N’avez-vous jamais eu cette envie de rester cloîtré dans votre chambre de peur de ce qui puisse s’y trouver dehors ou au contraire, vous sentir si bien que vous pensiez toucher la lune ? C’est de ce tumulte au sein d’une colocation que naît l’histoire de Jean (Édouard Sulpice) et Alex (Abraham Wapler) : l’un, est anxieux et apathique, tandis que l’autre cherche à éviter la réflexion pour agir rapidement. Leur quotidien est perturbé lorsque Alex, accompagné de son amie Lou (Mélodie Adda) invite Jean et son amie Caroline (Mathilde Weil) à sortir de leur caverne pour pouvoir se confronter à une vie plus rapide. C’est de ce concept que Paul Rigoux nous signe son premier film produit avec l’aide du GREC, et qui marque sa première apparition aux César 2024 pour un film bourré d’humour et d’anxiété.
Des rires, de toute cette anxiété sociale dont Rapide traite voilà de quoi il en ressort, voilà ce qui nous reste de ce film. Un film qui se révèle comme une envie de la part de son réalisateur Paul Rigoux de jouer avec les codes de la comédie et de le mettre dans un contexte générationnel ou le stress est omniprésent. En racontant l’histoire de Jean et de sa confrontation forcée avec d’autres philosophies, le film explore une comédie qui découle de la dichotomie établie en préambule entre la lenteur et la rapidité, entre la réflexion et l’action. Tout cela peut sembler très théorique, mais est finalement traité avant tout comme pure interaction de comédie et comme une opportunité de voir toute la panoplie d’un casting merveilleux.

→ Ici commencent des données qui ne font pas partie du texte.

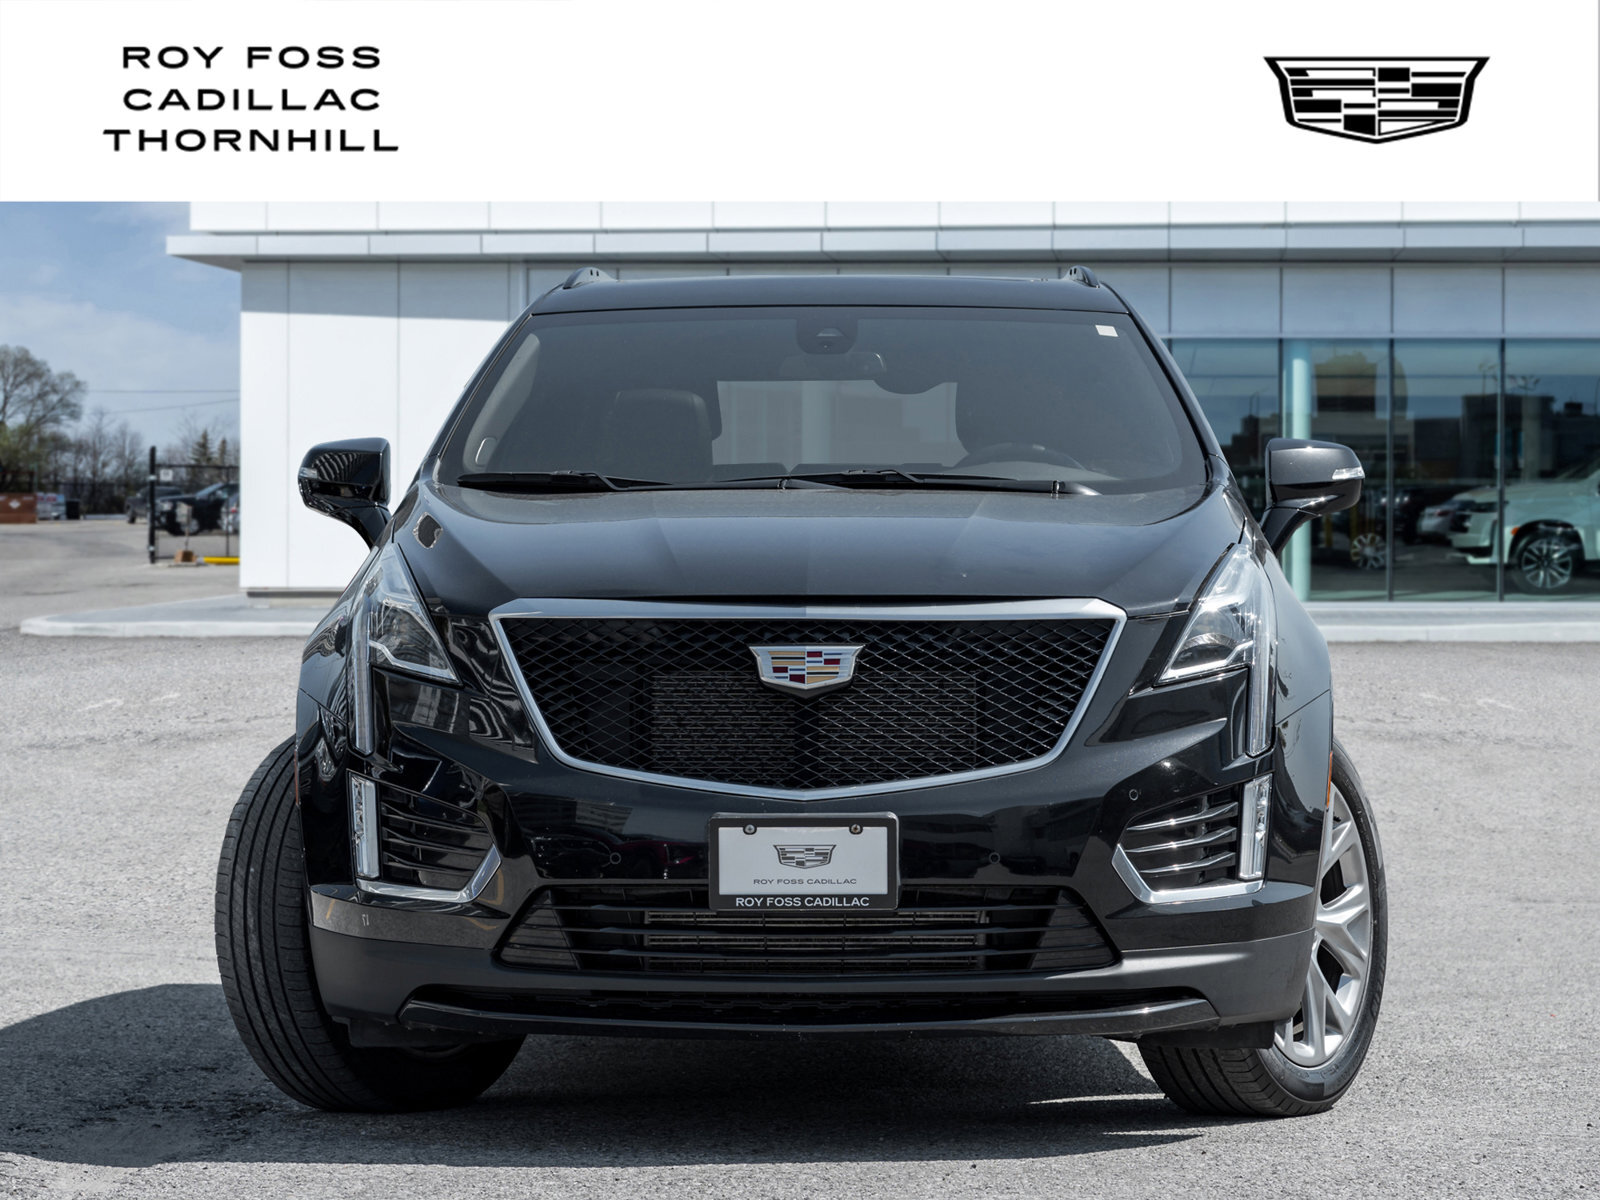 2020 Cadillac XT5 RATES STARTING FROM 4.99%+1 OWNER+LOW KM+CERTIFIED

Le film tire ainsi sa drôlerie dans un premier temps de ses personnages et de ses acteurs qui les incarnent, Édouard Sulpice en tête de liste. Le jeune acteur qu’on a pu voir officier chez Guillaume Brac avec A l’abordage et François Ozon avec Mon Crime nous livre une composition hilarante. Une prestation qui va puiser dans un slapstick à la manière de Jerry Lewis, Tout en empruntant, dans ses mimiques, aux classiques de la comédie française des années 60-70. Pourtant, c’est avant tout la dynamique entre tous ces personnages qui fait le sel de ce film et de cette comédie. Cette alchimie qui est en partie due à la simplicité de la mise en scène qui laisse beaucoup, parfois trop de place aux acteurs et aux dialogues. Le film est ainsi rythmé par ces personnages lents et rapides qui confrontent leurs perceptions le temps d’une discussion.
En somme, le film tire sa réussite de cette comédie de l’anxiété qui nous fait penser à un humour juif et psychanalytique que pouvez utiliser un certain Woody Allen dans Manhattan et Annie Hall ou encore plus récemment Larry David avec Curb your enthusiasm. De même, en abordant le sujet de la santé mentale, le film se réapproprie les codes du teen movie. Et ceci à travers la rencontre amoureuse et le parcours initiatique accolé au personnage de Jean qui essaye de trouver sa place dans un monde qui va trop vite. Une rencontre amoureuse présentée comme la libération d’un personnage emprisonné par ses propres peurs, attiré vers une philosophie qu’il pensait hors de lui.
Cependant, malgré cette réussite formelle, le film atteint sa limite dans la simplicité de son approche narrative. Avec entrain, le film déploie tout un cinéma de la bande de potes, mais de par sa linéarité et son côté théâtral, le film trébuche à certains moments quand il s’agit de dépasser son dispositif de mise en scène qui laisse parfois trop de place à ses acteurs. Ainsi, au fil de son déroulement, le film met en exergue une certaine légèreté quelque peu futile mais toutefois agréable, surtout à travers le traitement précédemment évoqué de la rencontre amoureuse et de la santé mentale. Une limite que l’on met facilement de côté à quel point le film traite avec habileté et humour des sujets aussi contemporains
En soit, Rapide émerge comme un film qui arrive au bon moment, une œuvre générationnelle qui place au cœur de son intrigue un comique de situation porté par un casting prometteur. Au même titre que son réalisateur Paul Rigoux, qui se profile comme un véritable espoir de la comédie française au cinéma.